Technically it is difficult to run the oscillator during each transmission period switch on and at the same time regulate its voltage. Therefore one has gone over to to keep the oscillator switched on and the voltage of the pilot signal in to regulate an attenuator according to the echo amplitude.

The pilot signal may only be used for a short period of time prior to deployment of the transmission pulse.

An attenuator must therefore be built in such a way that the output voltage during reception practically table is zero and only takes effect during the dead zone comes.

The block diagram of a monopulse radar device shown in FIG consists of a transmitter 1, which is controlled by a pulse center 2. Above a sum-difference network 3 is fed to the four radiators 4. The one on one The subject-reflected pulses are emitted by the radiators 4 in the sum-difference network 3 and from there into the two mixer stages 7 and 8 of the differential channels as well into mixer 6 of the sum channel. The vibrations are also in these three mixing stages of the local oscillator 5 fed. The signal in the sum channel is sent via the mixer 6 and the pilot signal coupler 9 to the intermediate frequency amplifier 12 and after Demodulation passed on to display device 20. The two difference channels are with the voltage differences of the echo signal as well as with the oscillator oscillation of the local oscillator 5 fed. These vibrations are generated through the mixing stages 7, 8, the pilot signal couplers 10, 11 and the intermediate frequency amplifiers 13, 14 to the tracking amplifier 8, 19, from where the tracking motors for azimuth and elevation as well as the display devices and computers.

The three intermediate frequency amplifiers 12, 13 and 14 contain means for demodulating the echo signal and means for regulating the gain.

Part of the output signals of the three intermediate frequency amplifiers is branched off and routed to a pilot signal gate step 5, 16 or 17, respectively. These In addition to a gate, stages also contain the control amplifier. The ones from these pilot signal gates 15, 16 and 17 coming control signals are sent to the control elements in the intermediate frequency amplifiers 12, 13 and 14.

The intermediate frequency amplifier 12 of the sum channel becomes a distance gate 21, which also receives the gate pulse from the pulse center 2. The echo signal is fed to a box car 22 and further via a pilot signal gate stage 23 to a Attenuator 24 for regulating the amplitude of the pilot signal from the pilot signal generator 25th

The four pilot signal gate stages 15, 16, 17 and 23 as well as the distance gate 21 are controlled from the pulse center2. How such a monopulse radar works does not have to be explained in more detail at this point, as they are familiar to every person skilled in the art and, for example, in a similar form in U.S. Pat. No. 2,759,154 is.
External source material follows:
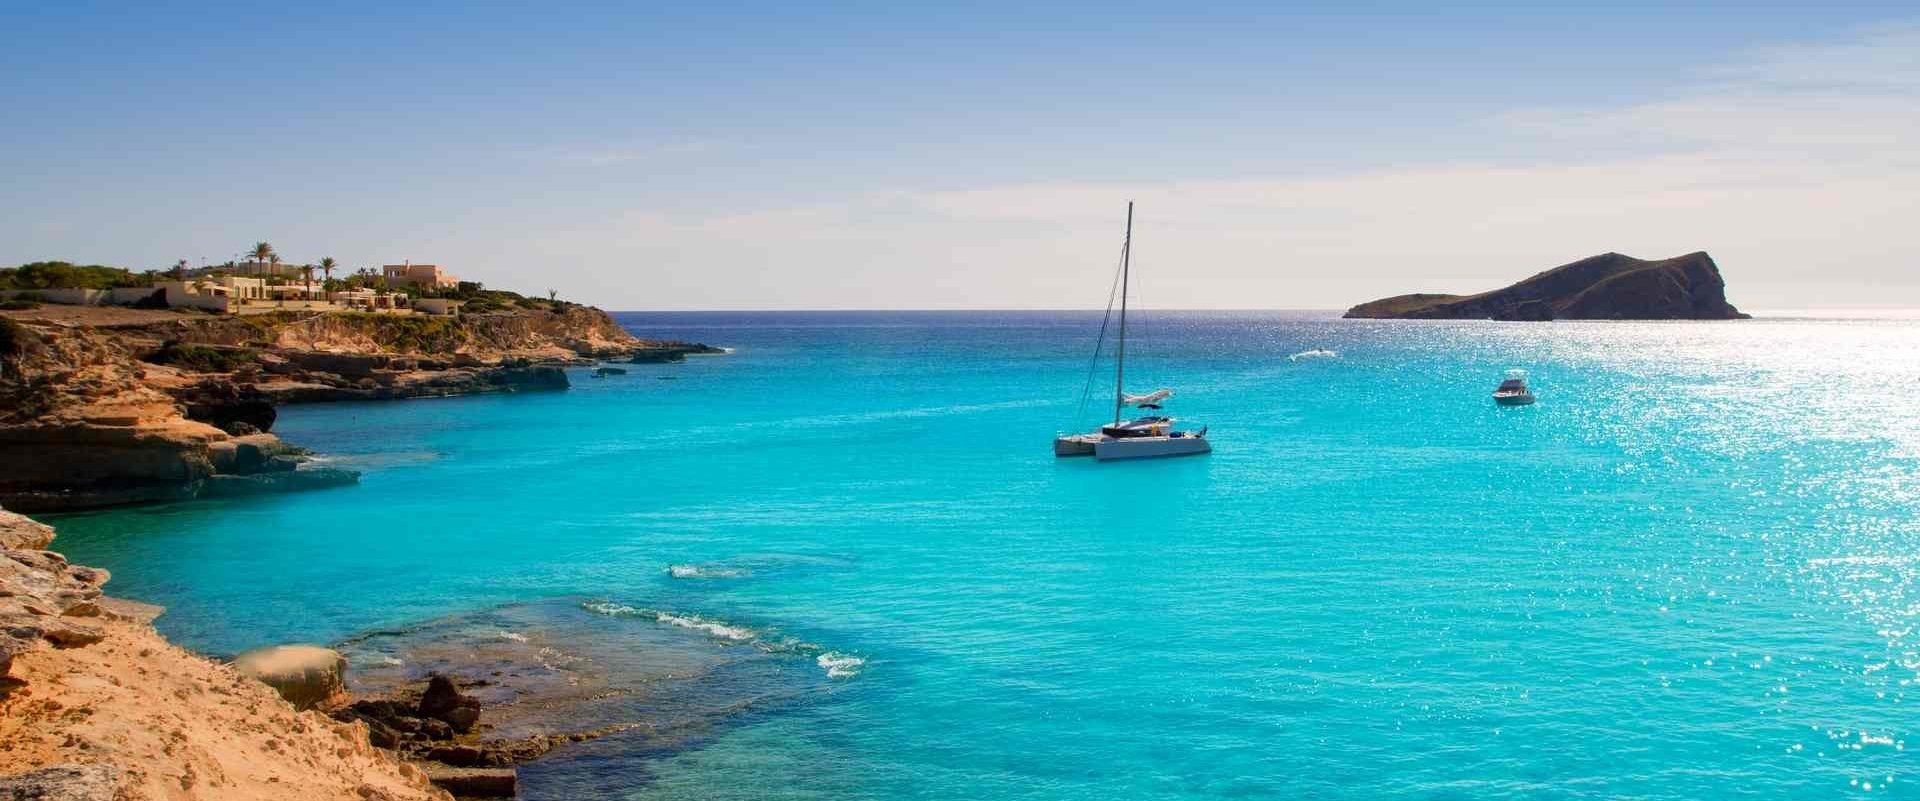 Crociera "All Inclusive": Maiorca e Isole Baleari in catamarano
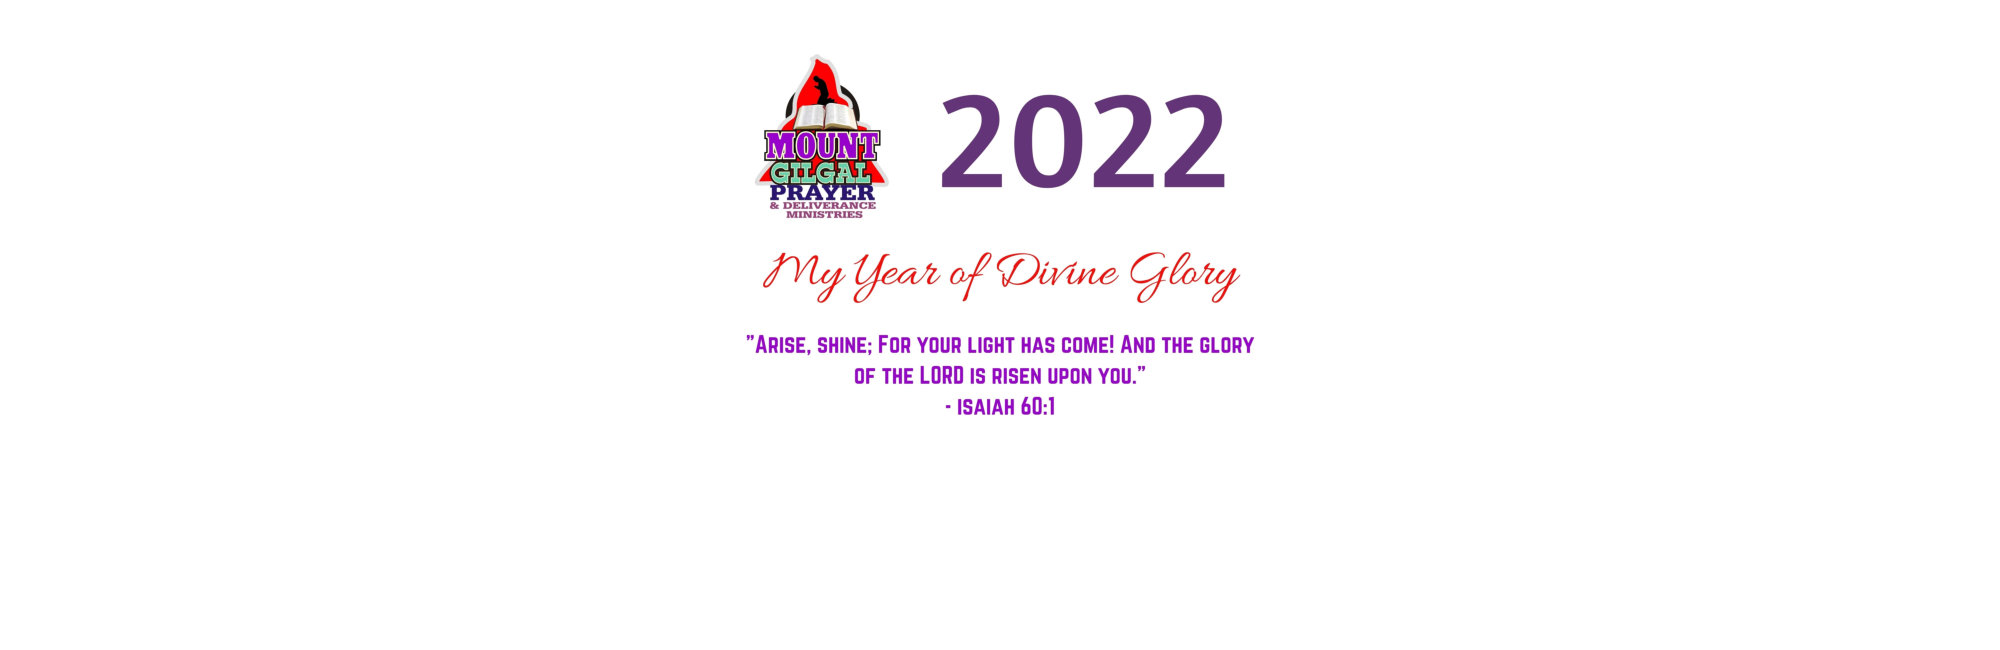 2022 theme

The connections of the attenuator in FIG. 2 are labeled identically like those of the voltage divider in Fig. 1. The input E is from the pilot signal Os oscillator25 and the input R is fed from the pilot signal front end 23. The output A lists the pilot signal couplers 9, 10 and 11.

Claims (2)

Claims: 1. Circuit arrangement for electronic control the amplitude of a high-frequency signal, characterized by a between isolating capacitors lying low-pass filter, which consists of at least one LC element with acting as a capacitance, There is a voltage-controlled diode connected to ground and the control voltage via a decoupling throttle a connection point of the low-pass inductance is fed. 2. Use of the circuit arrangement according to claim 1 in a monopulse radar device to regulate the amplitude of the pilot signal in dependence on the amplitude of the Echo signal in the sum channel. Documents considered: British Patent Specification No. 413 383, 511095.